The Art of Moving On 

For every action there is an equal and opposite reaction.  When we fall, we have to get up at some point – especially when we fall for somebody who belongs to someone else.

It hasn’t been an easy year for my heart.  In all honesty, this year I’ve probably cried more than I ever have before and I’m ready for a fresh start.  But I don’t want to wait until the New Year — it falls in the same category as Valentine’s Day for me, in that I don’t understand why we have to set aside one day in particular to do something that we can do any day of the year.  Whether it be showing our significant others that we truly love them or making resolutions to truly change ourselves, do big things really have to wait for one designated day of the year for us to actually buckle down and do what needs to be done?  After all, there’s no time like the present.

Moving on with life after any kind of rejection is hard, especially when the person in question is a good friend and there’s no other reason for you to walk the other way for a while.  It’s especially hard when the rejection happens not because of dislike or spite but for the well-being of both parties in question, and when walking away from what could have been entails also walking away from what was already there —  a confidant you could trust with more than you ever thought you’d tell another person; a friend who was always there when you needed them to get you through anything; a person you connected with on so many different levels that it’ll be hard to find somebody else who gets you so easily and speaks so fluently to your truest self.

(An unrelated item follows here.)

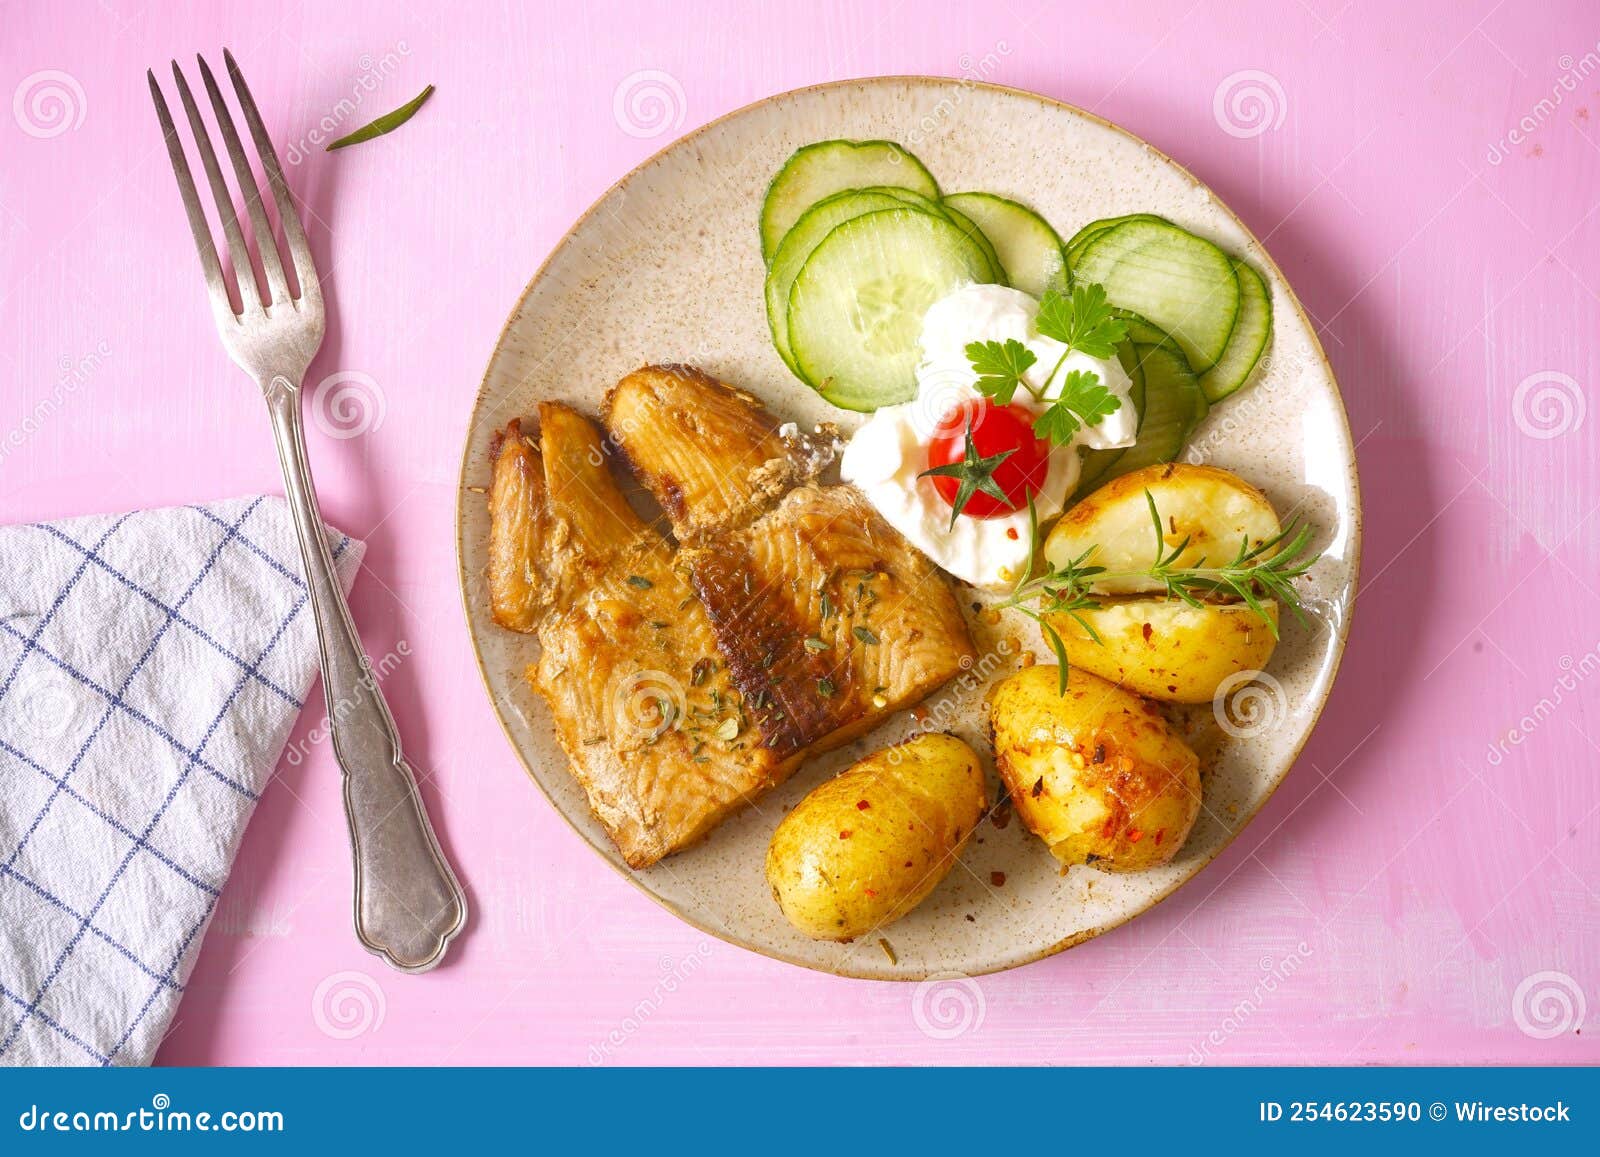 Closeup of a Plate with Cooked Fish and Vegetables. Stock Photo - Image ...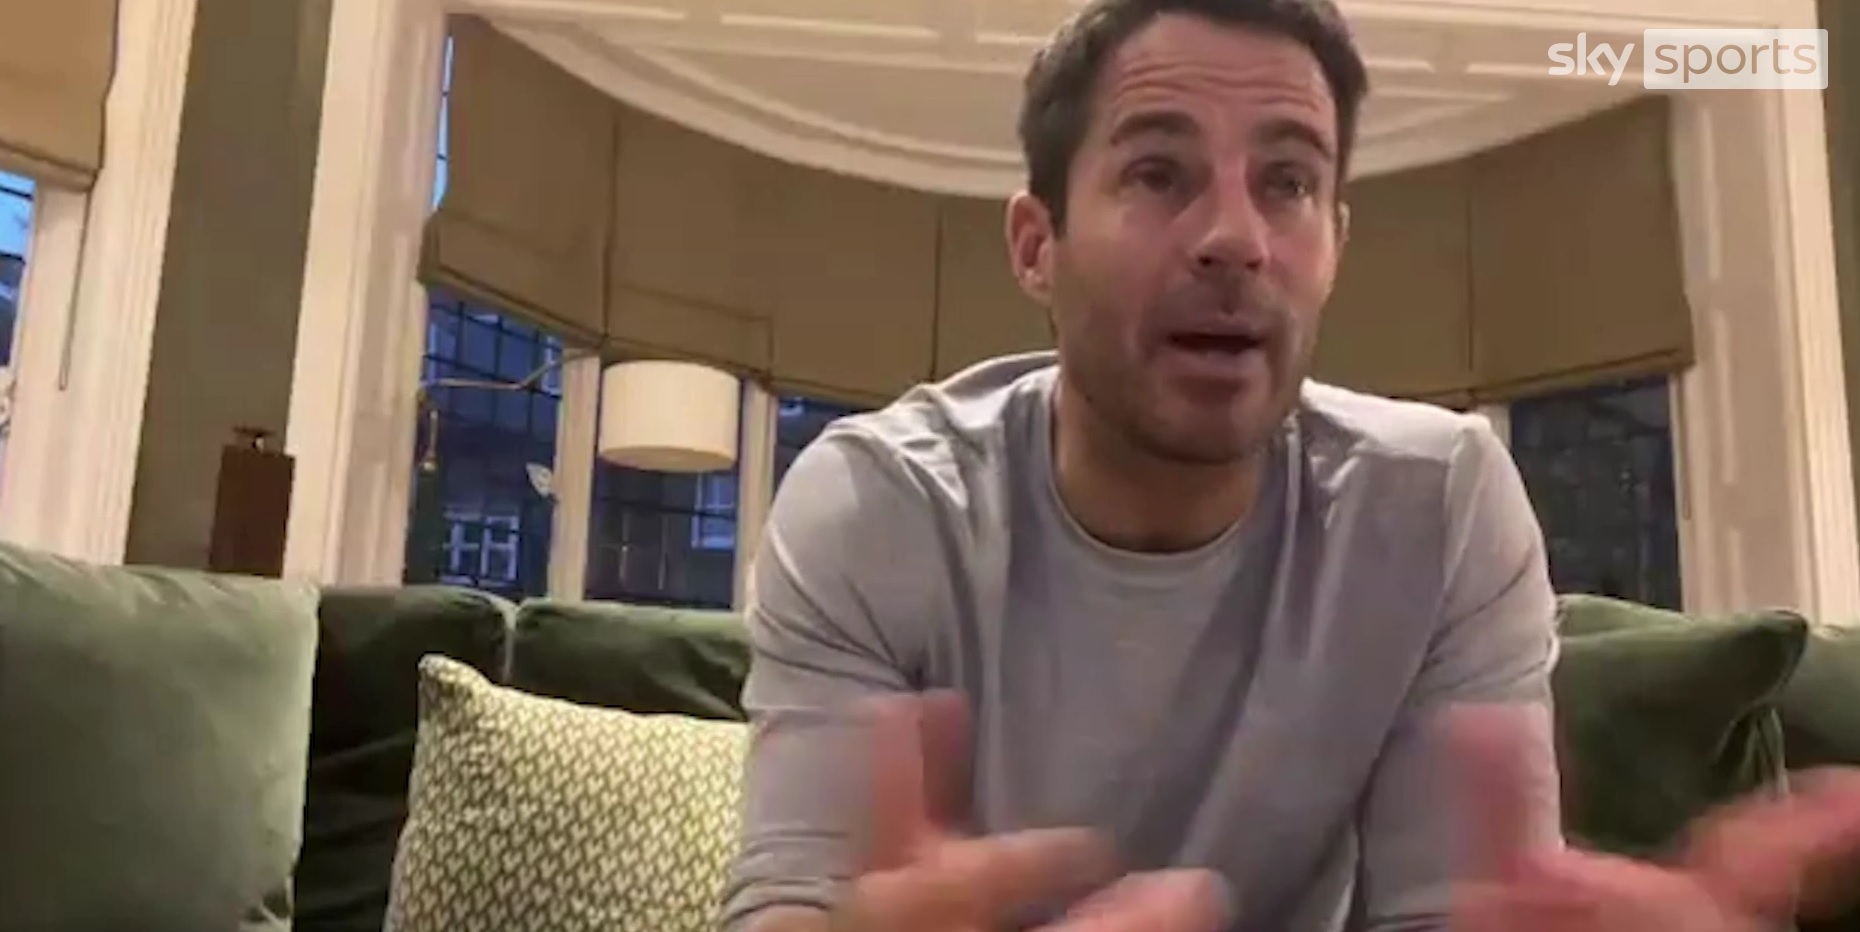 Jamie Redknapp hails ‘exceptional’ World Cup star everyone will ‘fall in love with’ amid Liverpool links

Moving on and getting over somebody is no small task and is a form of art unto itself, because getting up the next day after losing so much and functioning properly in the world without letting anyone see what’s wrong is one of the greatest performances we can ever put on.  We orate to our friends over drinks and soliloquize to ourselves in front of our mirrors about how we’re okay and doing just fine when the truth is, we’re barely able to keep ourselves from falling apart all over again. We craft an outward image that’s polished and immaculately put together to disguise the broken mess we really are, and hope that the smiles we put on reach our eyes and fool everyone into thinking they’re not just a mask we’ve put on for the day.  We rehearse our lines in the dark and quiet stillness of the night after we’re done crying until we can almost convince even ourselves that we’re doing just fine.

But we can’t keep this up all day long, let alone forever, and so in time we find others to confide in.  There has to be at least one person  who knows what’s going on behind the scenes, and eventually they help us pare down our costumes and our lines until we’re playing our true selves and saying what we really think again, and truly able to smile and say we’re okay.

It’s one of the greatest performances any of us can ever put on.  It is a truth universally acknowledged that a single person in possession of a good but broken heart must find a way to mend it and move on, and what better way to do it than remembering that the world is a stage and we, merely players?  It’s okay to hide behind a carefully-crafted dramatis persona until you’re put back together again, and it’s okay to find something new to love when an old love fails.  It’s okay to walk away to get over a friend you’ve fallen for if your friendship stands a better chance of surviving past a separation instead of a constant one-way stream of feelings.  It’s okay to do whatever it takes for you to be happy again and to be whole again.

That’s what I keep telling myself, anyway.